Hari kamis sore, jadwal anak-anak santri bermain futsal. Meskipun dikenal sebagai cowok dingin dan tidak suka basa basi. Aku tetap laki-laki yang suka bermain futsal seperti laki-laki pada umumnya. Fares yang kalian kenal tidak sebaik yang dibayangkan, namun tak seburuk yang dipikirkan. Kali ini, sebelum madrasah sore, aku menyempatkan diri membeli cemilan untuk merenggangkan otot pasca tanding futsal nanti.
Disupermarket, tanpa sengaja kulihat Husna atau Gingsul dari kejauhan sedang memilih makanan kering bersama seorang gadis yang tidak kukenal. Aku tidak mungkin mendekatinya, sebagai santri aku harus menjaga marwah kesantrian. Aku melanjutkan belanjaanku. Membeli cemilan ala kadarnya.
Ada rasa ganjil yang menyelimutiku. Dijam 14.00 WIB, santri putri biasanya diharuskan sampai asrama. Karena aturan santri putri lebih ketat dari pada santri putra. Tidak biasanya juga seorang Husna pergi belanja pada jam yang telah melampaui batas. Dia juga tidak punya saudara. Kenapa aku jadi menelusuri lebih dalam. Namun, kuakui aku memang sempat jatuh hati padanya, bahkan sampai saat ini. Namun hanya padanya. Apalagi saat melihat keteguhan serta ketangguhannya yang tak dapat kujelaskan dengan lisan. Bukankah wajar seorang santri memendam perasan kepada seseorang yang dikagumi?
Aku membayar hasil belanjaan dikasir. Tak lama setelah itu, mereka berdua menyusul. Aku segera keluar dari supermarket. Sesaat aku menggantungkan belanjaan dicantelan motor, mereka keluar. Aku diselimuti perasaan tidak enak. Kuikuti jejak mobil mereka perlahan. Mereka turun ditepi jalan raya. Berhenti didepan bangunan setengah jadi yang begitu menyeramkan. Tampak bangunan itu belum terpakai, namun terlihat sudah sangat tidak layak, begitu berdebu. Seorang gadis itu menutup mata Husna dengan kain dan membawanya masuk kedalam ruangan itu perlahan.
Seketika aku sangat terkejut melihat alat gantung bunuh diri yang menggaung diatas. Pikiranku kacau, melayang tak karuan. Tidak lama lagi, kemungkinan besar akan terjadi. Ada kasus percobaan pembunuhan. Sesegera mungkin, aku keluar mencari orang yang melintas didekat bangunan ini. Aku tak akan bisa menolong dalam keadaan sendiri. Apalagi aku seorang santri, bisa-bisa yang terjadi adalah fitnah belaka. Santri harus punya trik cepat dan cerdas mengatasi hal-hal diluar dugaan.
Aku mencari-cari orang yang mempunyai handphone untuk menghubungi pihak yang berwajib. Sedangkan santri sepertiku masih haram membawa handphone. Setelah menemukan orang, aku segera membawanya ke bangunan gelap itu. Memintanya untuk merekam kejadian sebagai barang bukti. Sebelum itu, memintanya melaporkan polisi.
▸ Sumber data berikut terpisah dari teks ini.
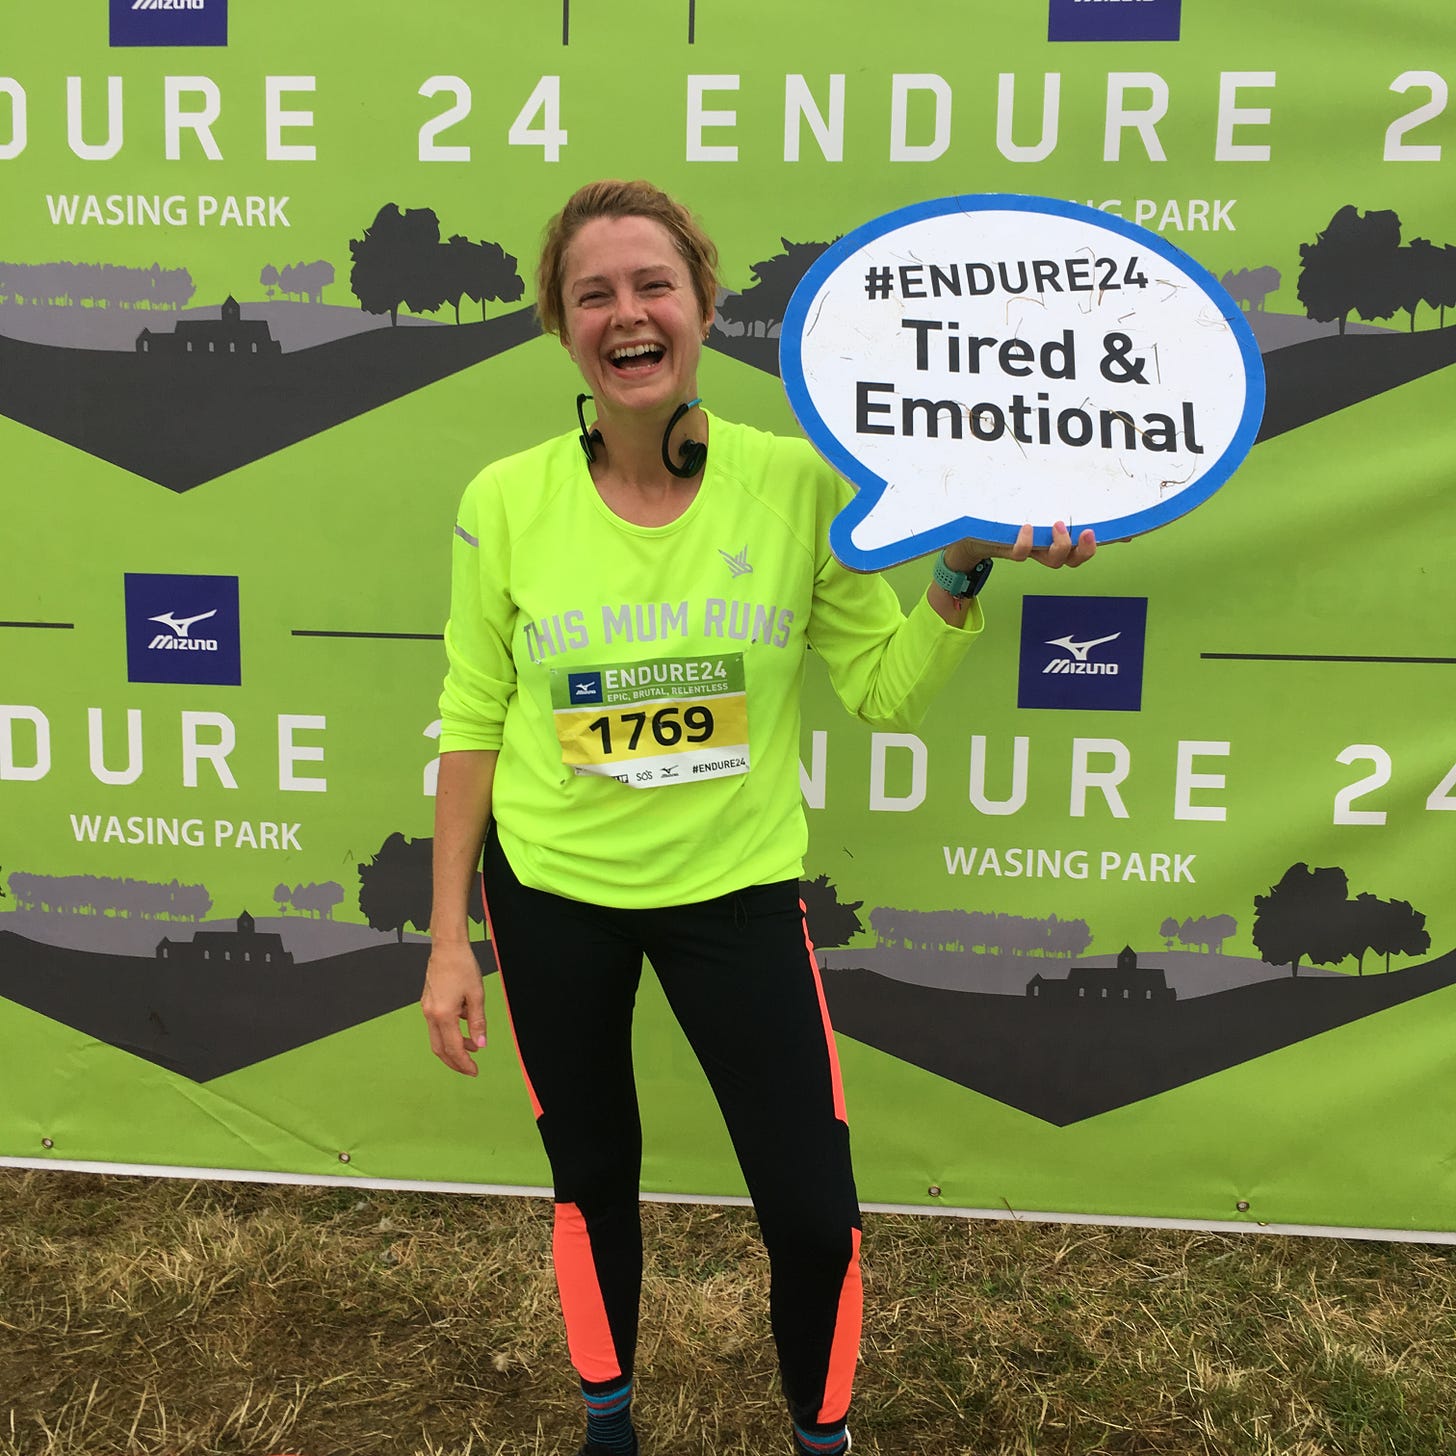 Jane holding a cardboard cut out saying 'tired & emotional' after running at Endure24
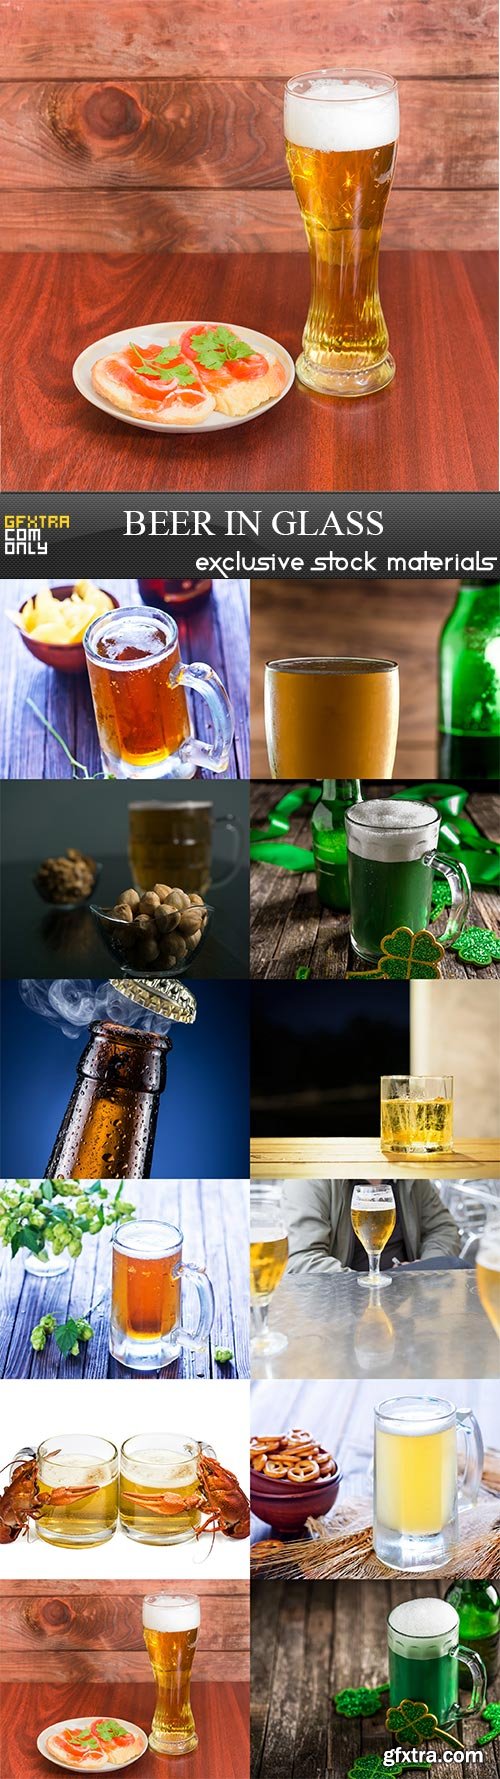 Beer in glass, 12 x UHQ JPEG

"Bang, nanti tolong semua kejadian ini direkam. Sebagai barang bukti yang nanti bisa kita serahkan kepada pihak yang berwajib."
"Siap mas."
"Sebelum polisi datang, aku akan pergi dari sini karena aku punya kewajiban madrasah. Mohon pengertiannya mas. Anggap saja aku tak pernah ada dalam jeratan kasus ini. Nanti, kalau pelaku tergesa membunuh korban sebelum polisi datang, tolong korban. " Pintaku. Sebenarnya ini hanyalah sebuah alibi agar tidak terjadi fitnah yang melebar luas. Namun aku menyadari. Aku tak lebih dari seorang pengecut.